Exercise directions: Write out exactly the lines below that run from the one containing "Βρεφικό Μπουρνούζι Nef-Nef" through the one containing "初音の家具 こだわりの総桐箪笥 天地丸御所車大戸衣裳箪笥をお届けいたしました。", both included, with no other lines.

Extracted records:

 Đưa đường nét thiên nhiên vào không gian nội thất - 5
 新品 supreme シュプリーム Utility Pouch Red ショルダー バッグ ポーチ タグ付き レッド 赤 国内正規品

==

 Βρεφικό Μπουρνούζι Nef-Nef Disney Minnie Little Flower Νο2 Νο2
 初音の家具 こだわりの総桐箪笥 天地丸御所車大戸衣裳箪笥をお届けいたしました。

Solution:
 Βρεφικό Μπουρνούζι Nef-Nef Disney Minnie Little Flower Νο2 Νο2
 初音の家具 こだわりの総桐箪笥 天地丸御所車大戸衣裳箪笥をお届けいたしました。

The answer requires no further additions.